The cheap stack: Twilio at $0.0085/min, an open-source STT on a self-hosted GPU at near zero, Haiku for the brain, an open-source TTS that sounds like a 2019 GPS unit. That’s six cents. It also sounds like 2019. Don’t ship that to a paying customer.

The premium stack: Twilio + Deepgram Nova at $0.0043/min + ElevenLabs Turbo at $0.10/1k chars (around $0.18/min for normal conversation density) + Sonnet at maybe $0.04/min on a warm cache. That’s around 35 to 40 cents a minute. It sounds like a tired junior employee on a Tuesday afternoon. Which is the goal.

The number I watch isn’t the per-minute, it’s the per-resolution. A voice agent that resolves a tier-1 support ticket in 90 seconds at 40 cents is replacing a $14 human-handled ticket. The math is not subtle. It’s also not the math people quote — they quote per-minute and miss that the unit isn’t minutes, it’s outcomes.

The single design rule#

Never let the model think while the user is listening.

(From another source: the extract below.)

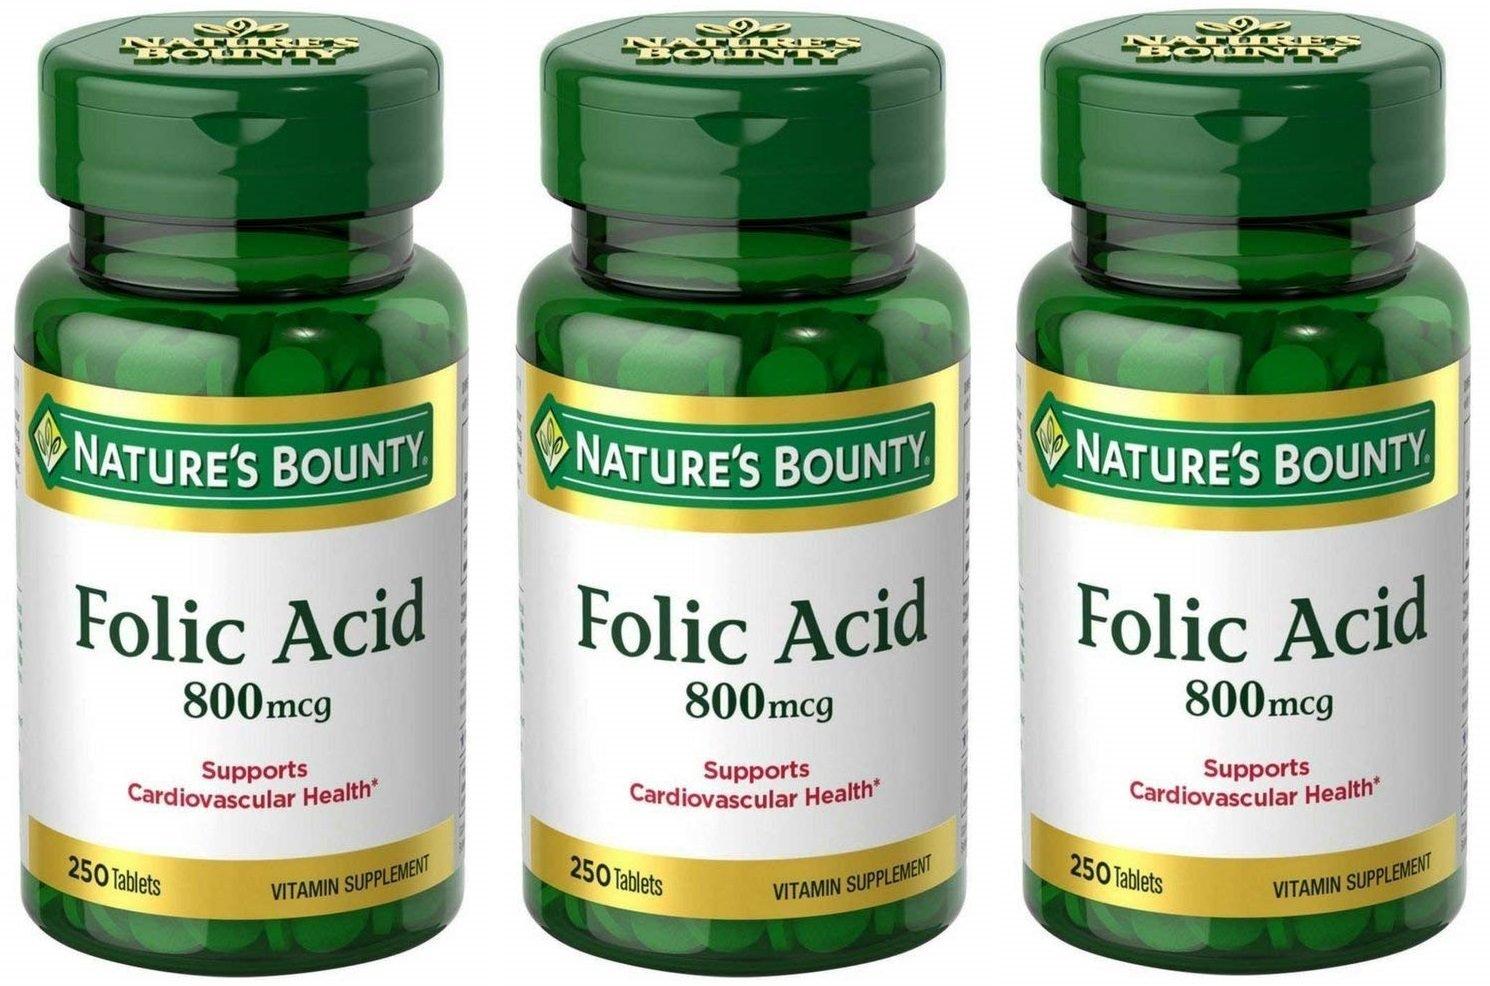 Folic Acid 800 mcg Tablets Maximum Strength, 3 Bottles (250 Count) by Nature's Bounty (Image #1)

That’s the whole rule. Read it twice. Every time the agent goes silent for more than 800 ms while the user is on the line, you are paying for that silence in trust. The agent should be talking, or the agent should be hearing the user talk. Dead air is the failure mode.

In practice this means: the LLM call cannot be on the critical path of “user finishes speaking → agent starts speaking.” Either you stream the LLM tokens directly into the TTS as they arrive (you can — both endpoints support it), or you fill dead air with deterministic acknowledgments (“let me check that for you”) while the heavy reasoning happens in the background and gets streamed in the next turn.

The acknowledgment trick is what every good human support agent does. It’s also the thing every bad voice-agent build leaves out, because the demo videos don’t have a 4-second tool call in them and the production system always does.

The cold-start problem nobody fixes in public#

Cold start is the seam I underestimated longest. The first call after fifteen quiet minutes is the call where every component is “warming back up.” The LLM session is gone from the provider’s hot pool. The TTS voice ID isn’t cached on the edge. The STT streaming endpoint has to renegotiate. Each of those costs 200 to 400 ms by itself. Stacked, a cold call is 2.6 seconds before the first phoneme. A warm call is 900 ms.

The customer can’t tell which call is which. They just know the first one of the morning sounded broken.

Three things help. First, a heartbeat that fires every 8 minutes during business hours — a tiny synthetic call that touches each component, keeps the hot pool warm, costs roughly $0.02 each fire. Second, pre-instantiated LLM sessions with a stub system prompt sitting idle in a warm pool. We keep four sitting hot. The fifth caller waits — but four concurrent inbound is rare in our traffic. Third, the deterministic acknowledgment trick from the design rule above does double duty here: it covers the cold-start gap with audible activity while the warm path catches up behind it.

None of this is in the SDK. All of it is what separates a demo from a product.

What the seams actually cost you#

The LinguaLive prototype is on its fourth rebuild. Each rebuild is a seam I didn’t respect on the previous one. Rebuild one was the LLM — wrong model, fixed. Rebuild two was the TTS — non-streaming, fixed. Rebuild three was the interruption logic — lived in LLM logic, moved to the mixer. Rebuild four is the cold-start problem on the LLM, which we’re solving with a warm-pool of pre-instantiated sessions that we keep alive on a heartbeat.

Each rebuild took two weeks. Each rebuild was triggered by a real customer hanging up. The investor demo I lost in March is the cheapest of the four lessons because it didn’t churn anyone, it just delayed a round.

The voice agent that closes deals doesn’t sound like AI. It sounds like a tired junior on a Tuesday. Tired juniors don’t pause for 1.4 seconds. They say “yeah, give me a sec” and keep the line warm. The latency budget isn’t a number on a slide. It’s the floor of how human your stack is allowed to feel.

That’s not a feature list. That’s a budget.